The amount of fade is tunable through the fade argument: TRUE (default) uses a sensible level, FALSE turns it off, and a number sets the alpha of the faded marks directly (a larger number keeps them more visible).

plot_io_parcoo(d, efficiency = "vrs", labels = "Beijing", fade = 0.4)

Other labels modes are "all" (label everyone), "id" (number each marker), and "max.overlaps" (label as many as fit without collision).

plot_cem_unfolding(cem, labels = "id")

Self-organising maps

compute_som() trains a self-organising map (Kohonen, 2001) on the input/output profiles, via the kohonen package (Wehrens & Kruisselbrink, 2018); plot_io_som() colours the map by mean efficiency per node.

som <- compute_som(d)
plot_io_som(som)

Multi-period data: trajectories

For panel data, plot_panel_io_biplot() projects every DMU-period combination onto a shared PCA biplot and connects each DMU’s data points to form a trajectory over time. The bundled taiwanese_banks dataset provides a balanced panel of 22 commercial banks from 2009 to 2011 (Kao & Liu, 2014). This dataset serves as a reproducible benchmark to demonstrate the package’s panel functionality, regardless of the underlying input and output specifications.
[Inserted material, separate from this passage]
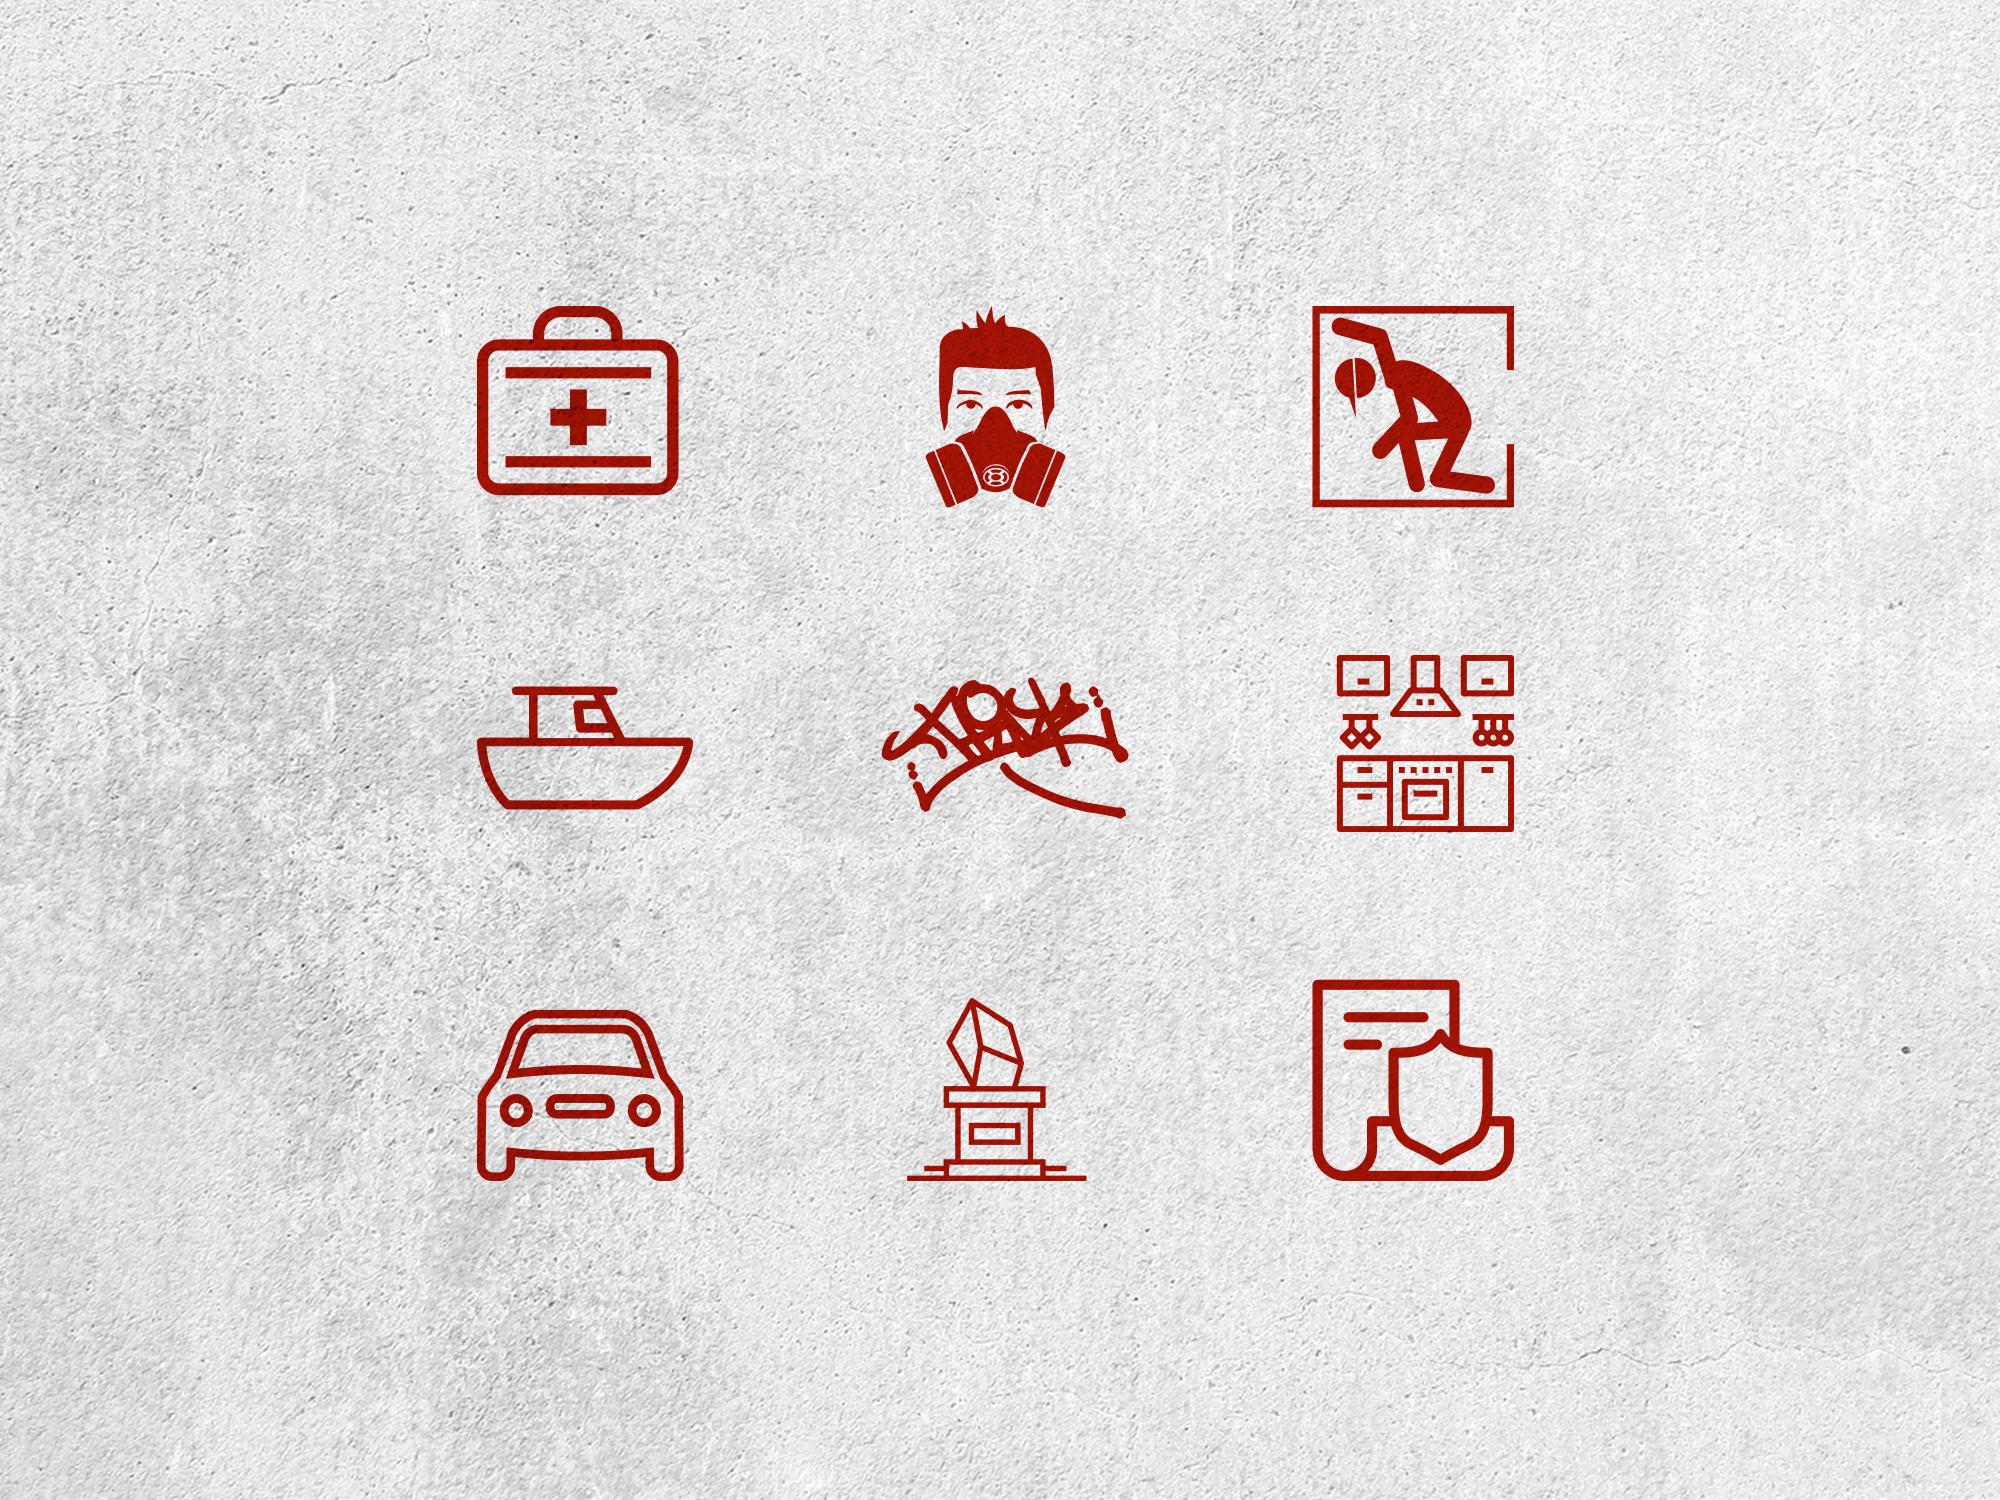 Custom designed icons for website.
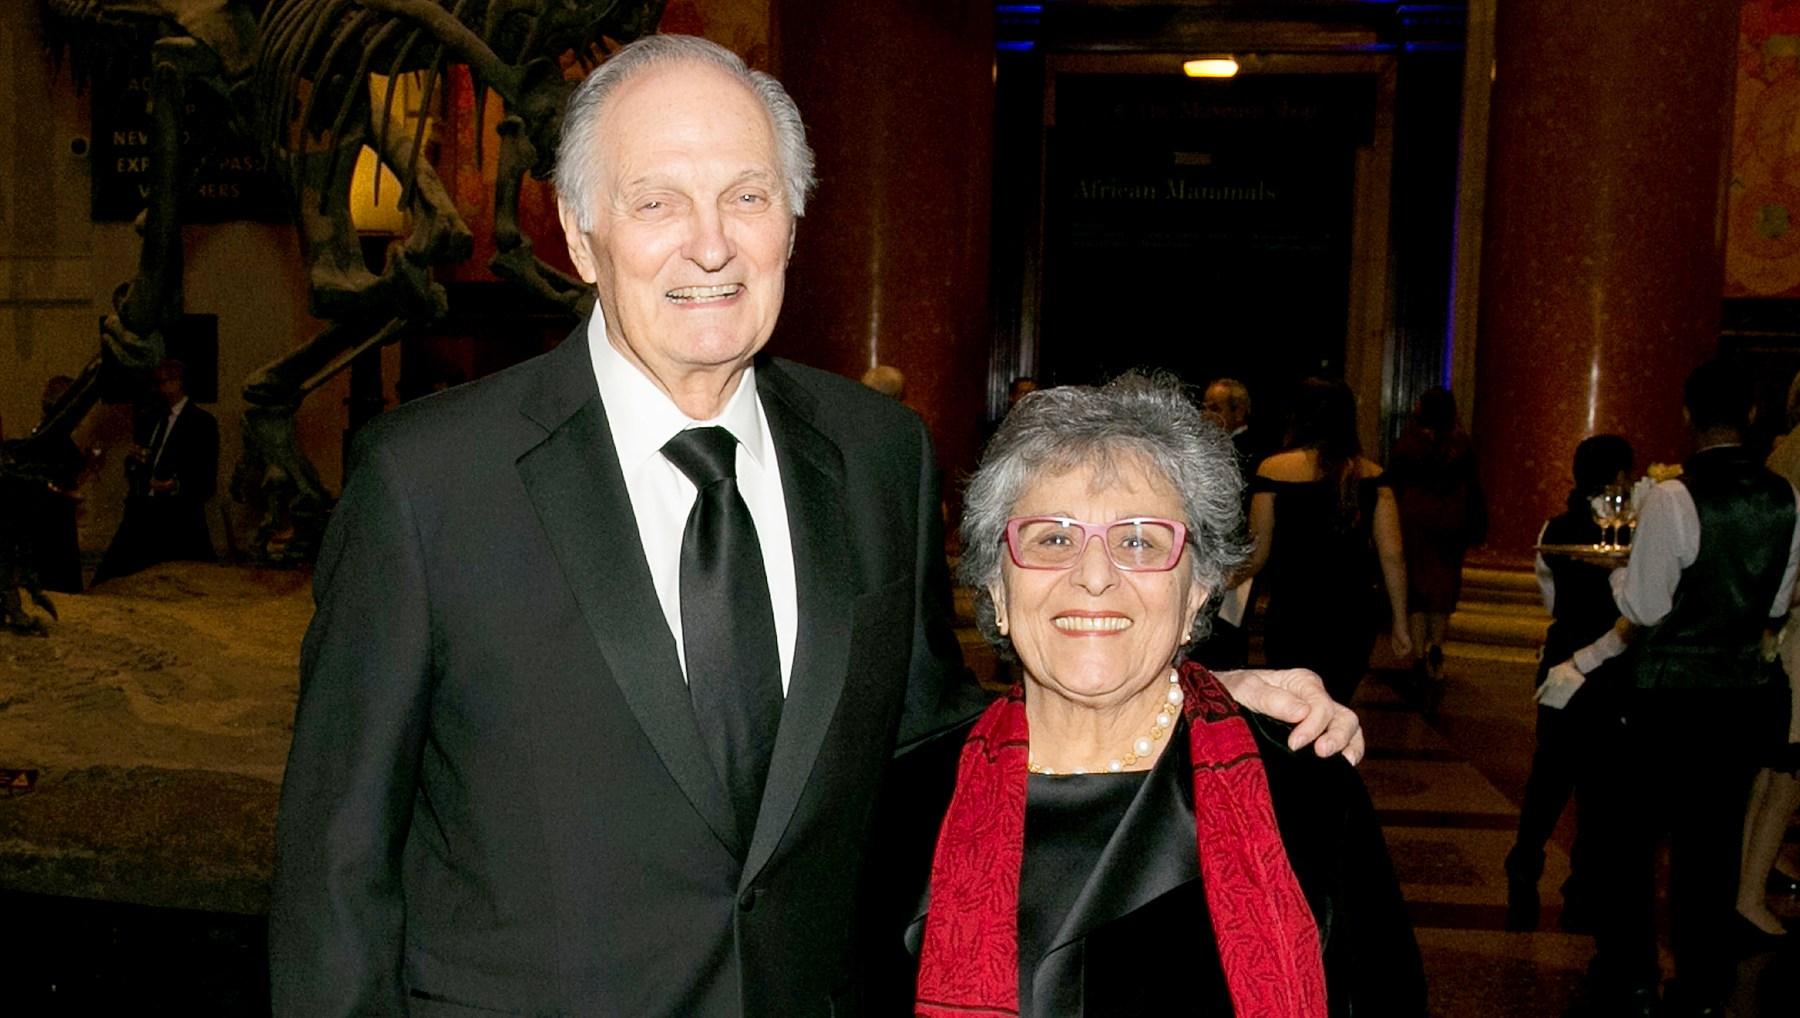 Alan Alda Reveals Clever Secret Behind His 61 Year Marriage

We can visualize these trajectories using the deaviz panel biplot while retaining all DMU identifiers on the plot:

plot_panel_io_biplot(
  taiwanese_banks, id = "DMU", period = "Year",
  inputs = 3:5, outputs = 6:8, labels = "id"
)

The trajectories, the paths that the DMUs have traversed based on their input/output profiles, are presented via the segmented vectors that connect each DMU’s position over the periods.

You might want to draw attention to one specific DMU. For instance, here the focus view keeps only Cathay’s three-year path lit while the other banks recede, and the loading vectors are spread apart so their labels stay legible.

plot_panel_io_biplot(
  taiwanese_banks, id = "DMU", period = "Year",
  inputs = 3:5, outputs = 6:8, labels = "Cathay", fade = 0.25
)

It is worth noting that the PCA is computed on the pooled data.

Interactive plots

Many plots accept the interactive = TRUE argument, which returns a plotly widget with hover tooltips instead of a static ggplot object. This feature requires the plotly package and is best viewed within an HTML context:

plot_io_pca_biplot(d, rts = "vrs", labels = "Beijing", interactive = TRUE)

References

Adler, N., & Raveh, A. (2008). Presenting DEA graphically. Omega, 36(5), 715–729.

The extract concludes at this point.